-- SUPPLIED DATA follows --

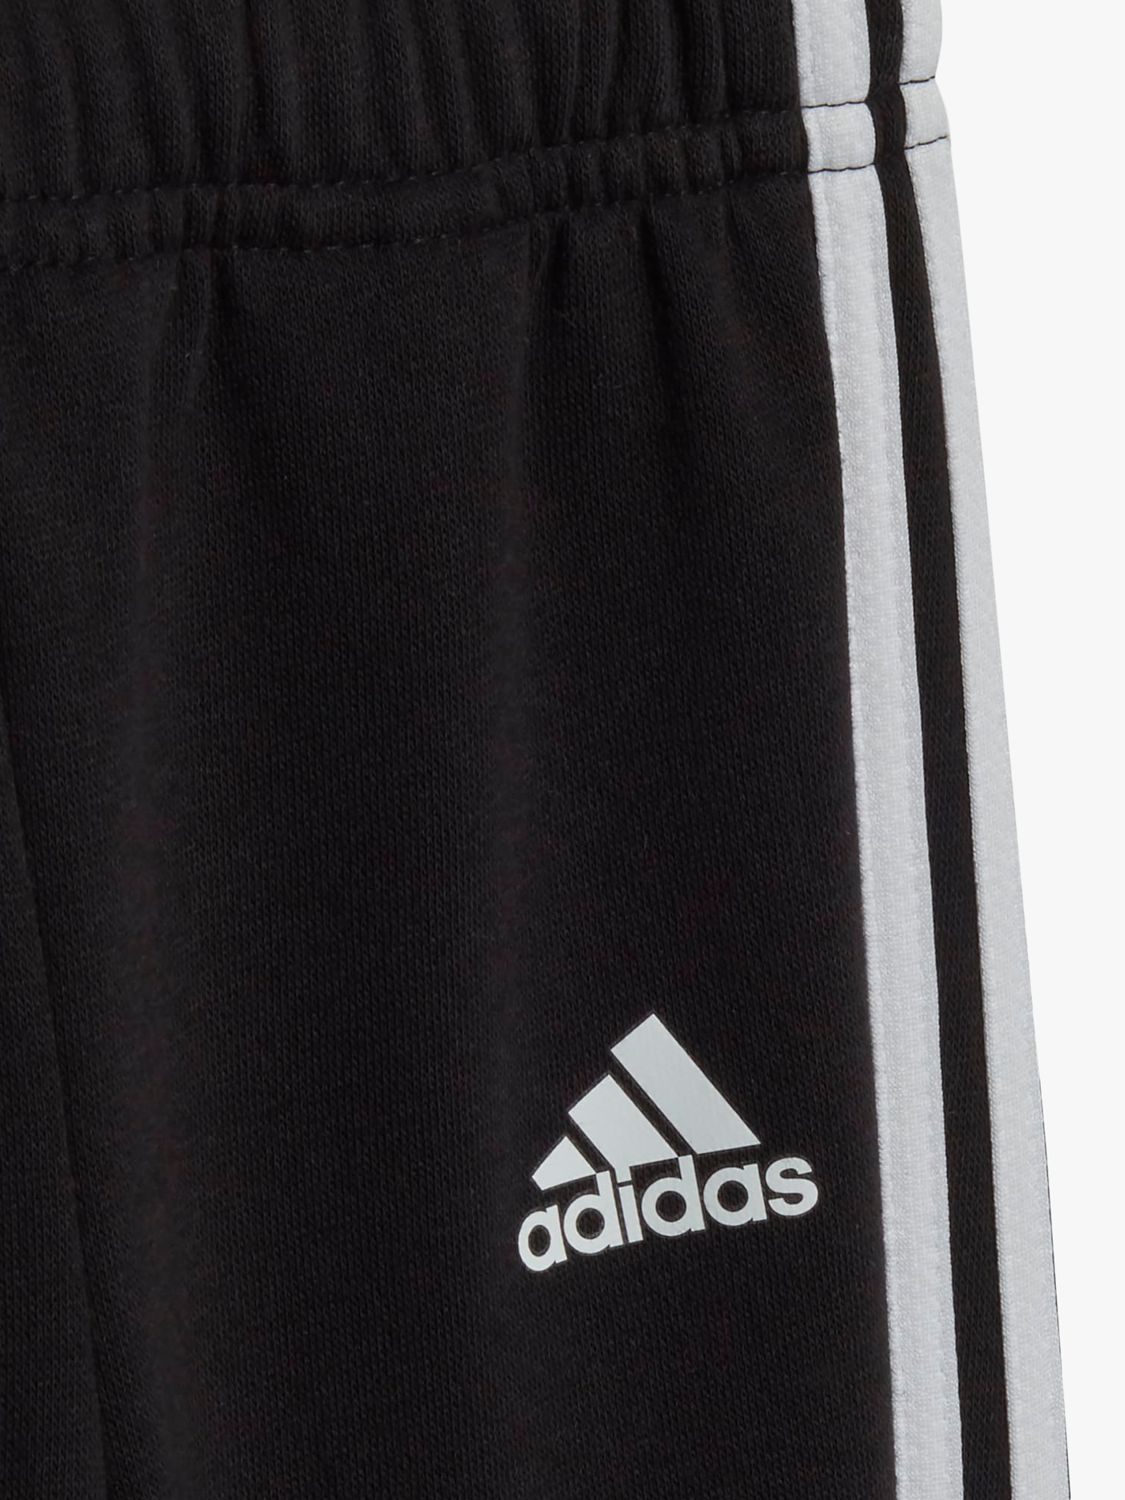 adidas Baby Essentials Three Stripes Full Zip Hoodie & Joggers Set, Black/White, 2-3 years
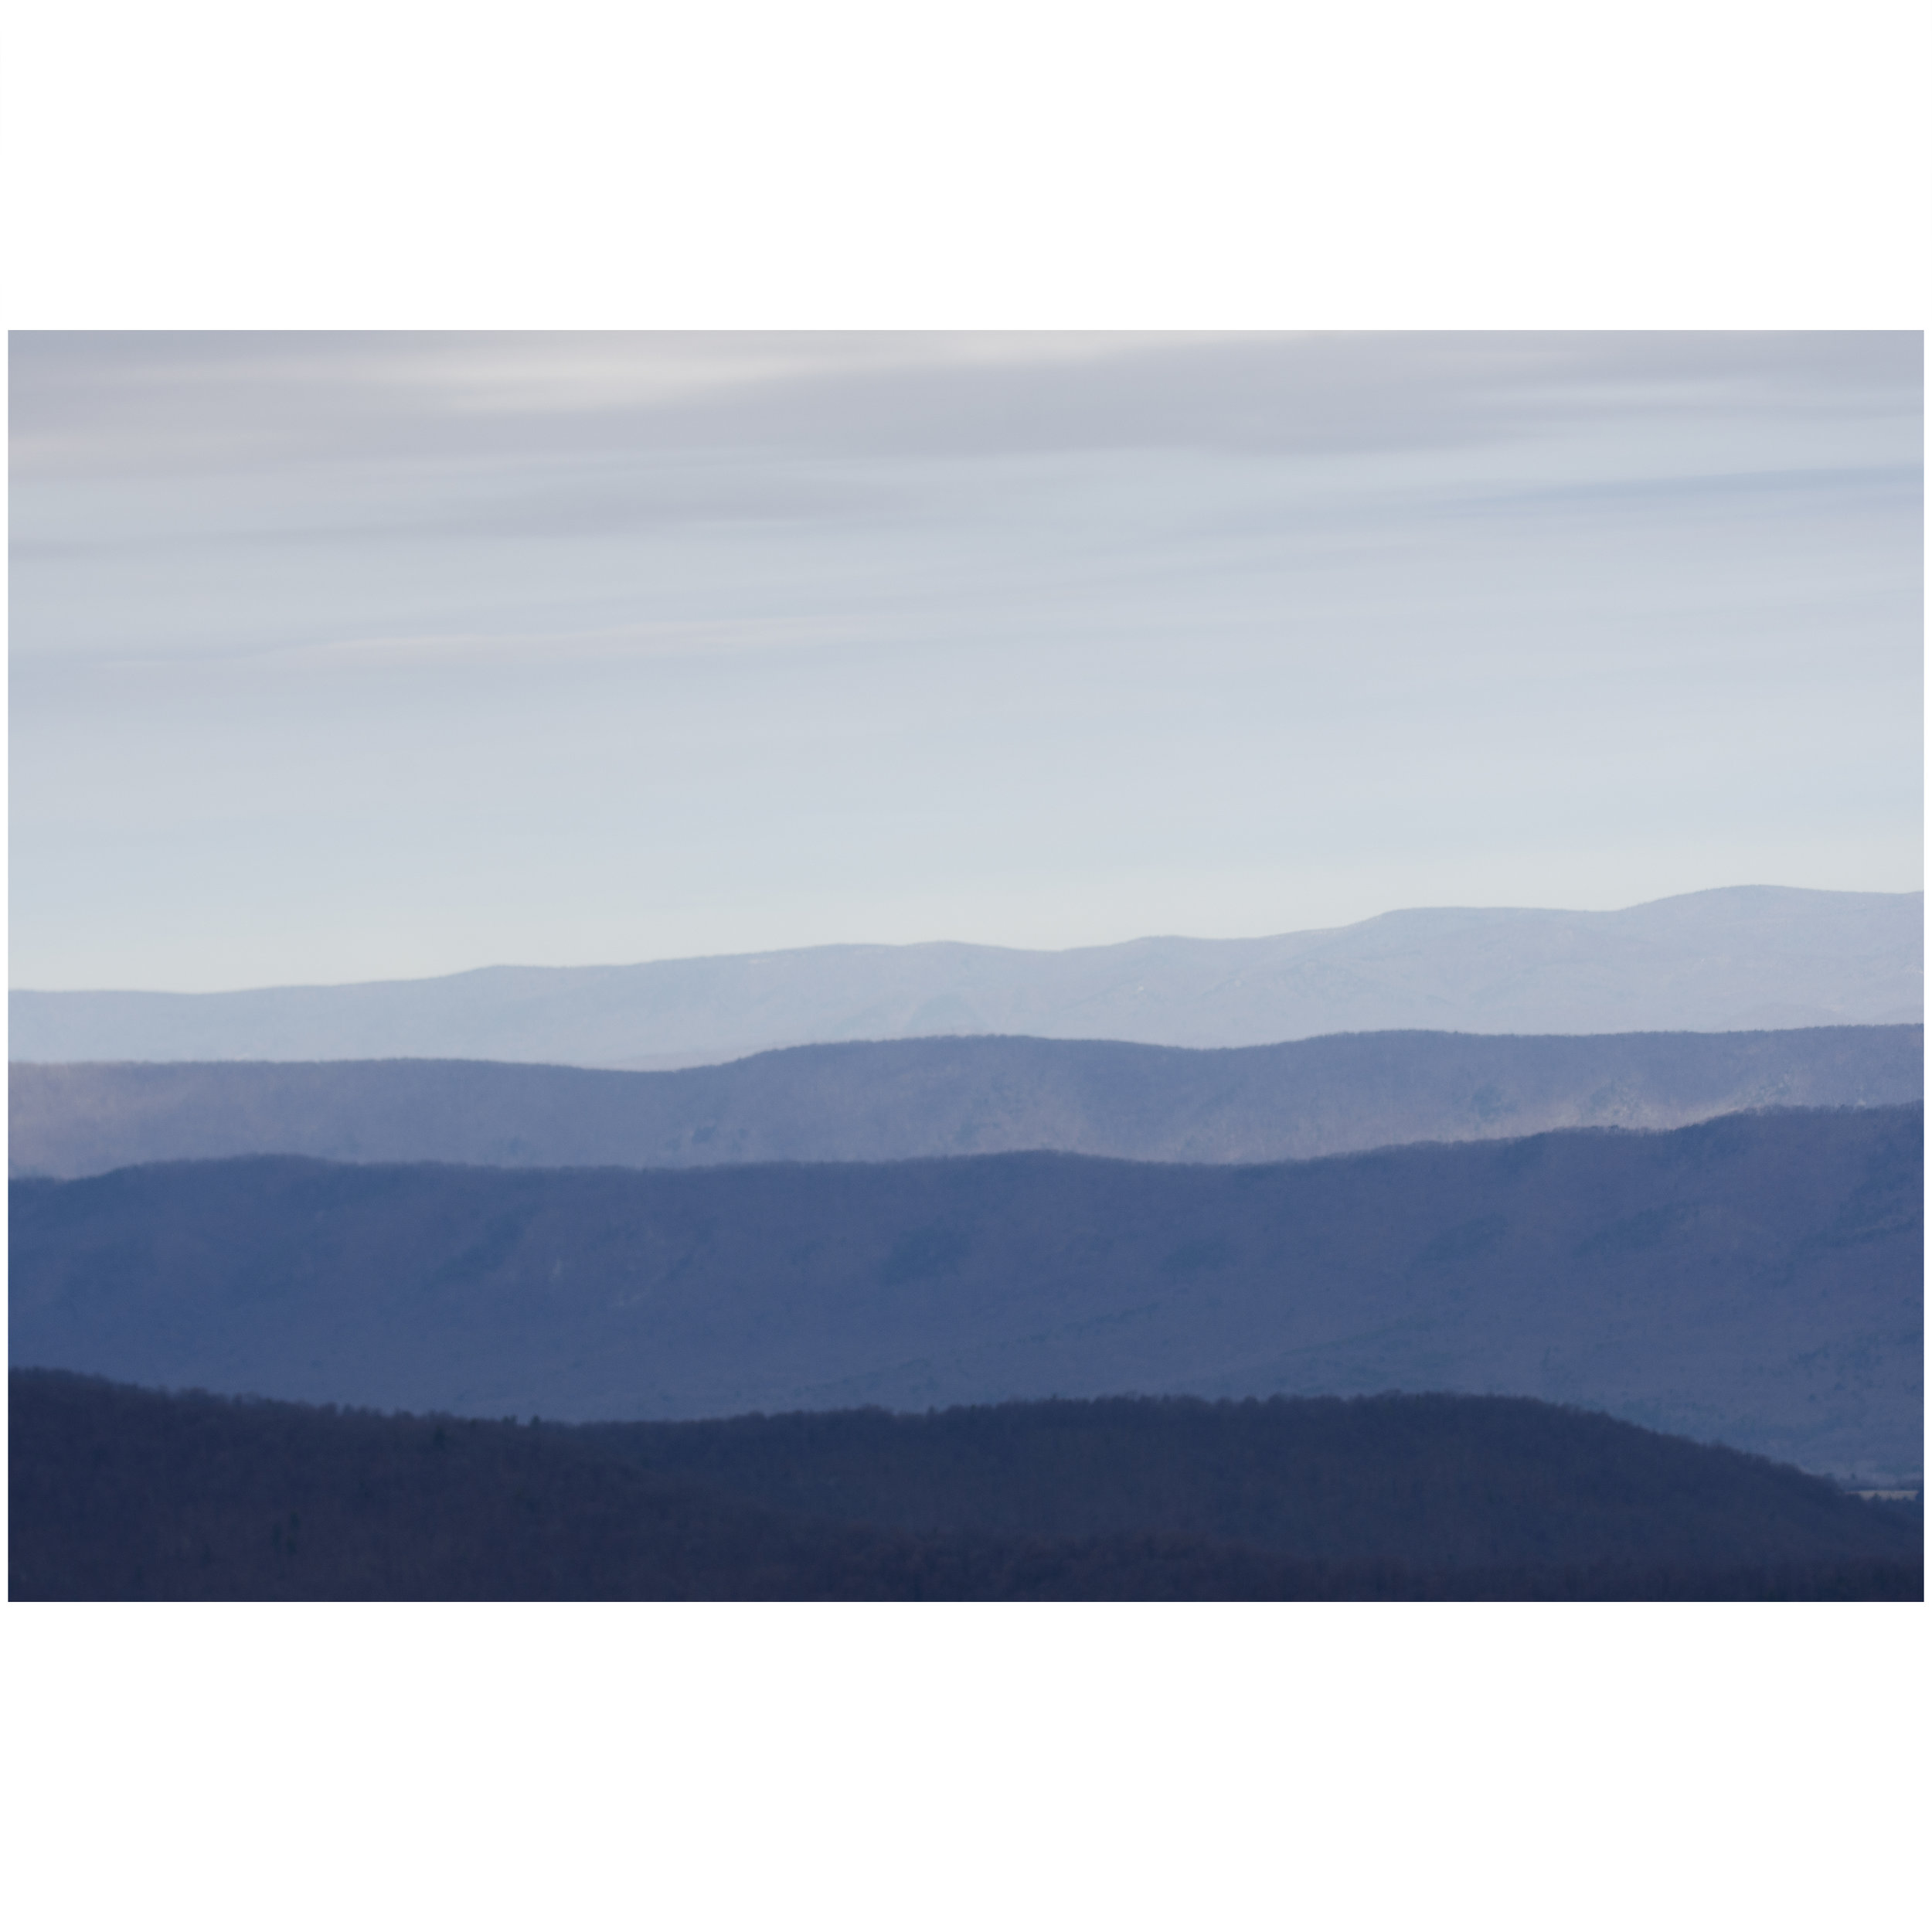  Blue Ridge Mountains, Shenandoah NP 2018 
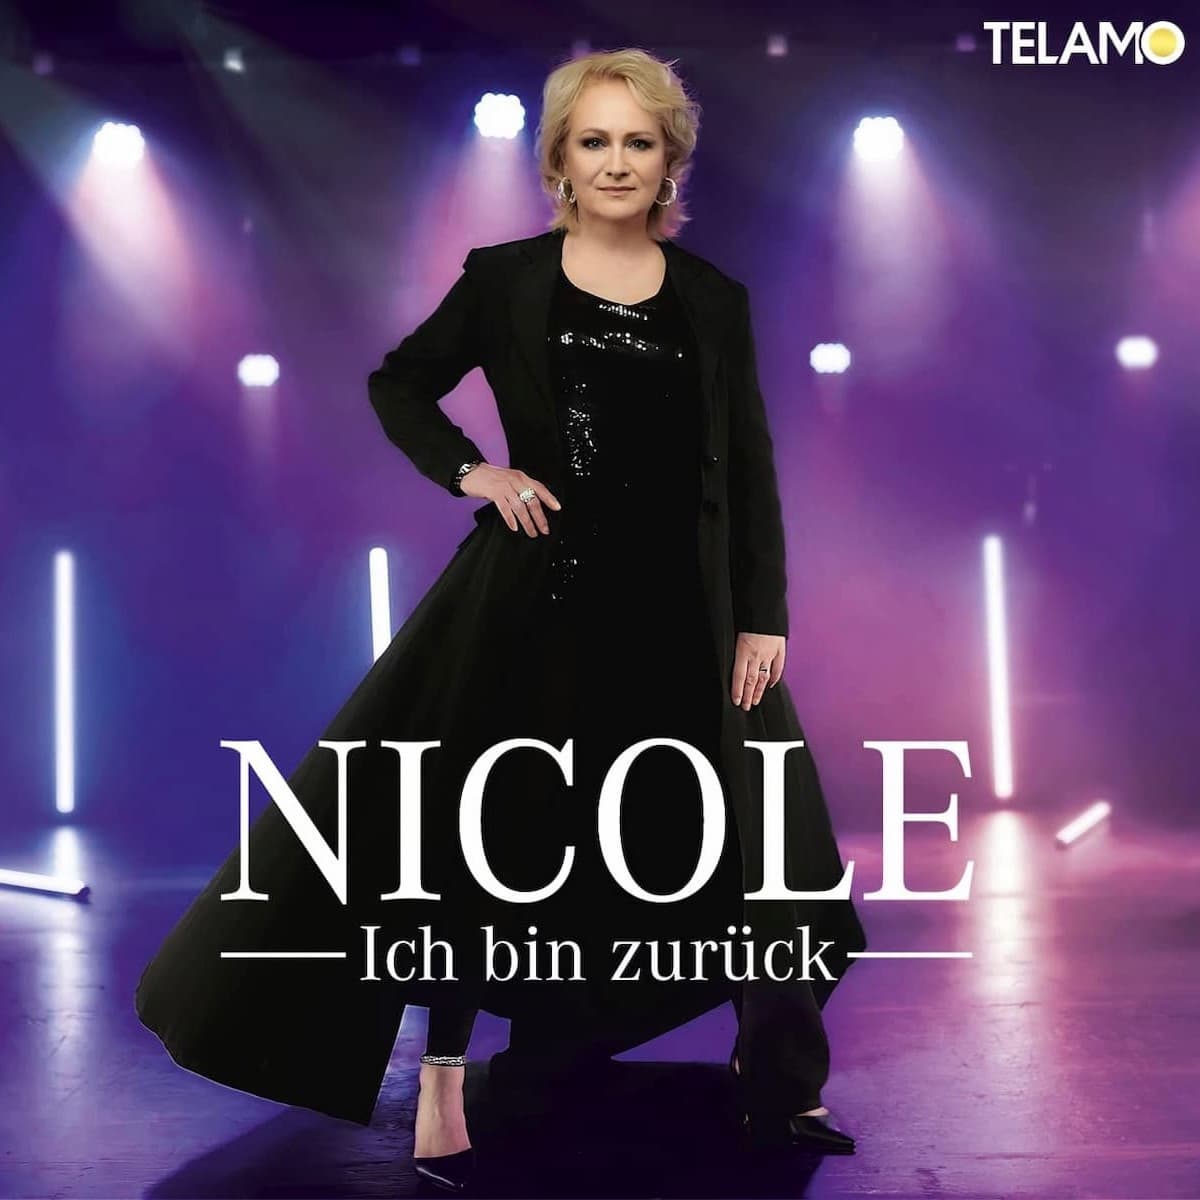 Nicole CD “Ich bin zurück” 2022

-- SUPPLIED DATA concluded --

PROBLEM DETAILS
Please give all of the data again, exact and free of pictures.

SOLUTION TO THIS PROBLEM
 adidas Baby Essentials Three Stripes Full Zip Hoodie & Joggers Set, Black/White, 2-3 years
  Blue Ridge Mountains, Shenandoah NP 2018 
 Nicole CD “Ich bin zurück” 2022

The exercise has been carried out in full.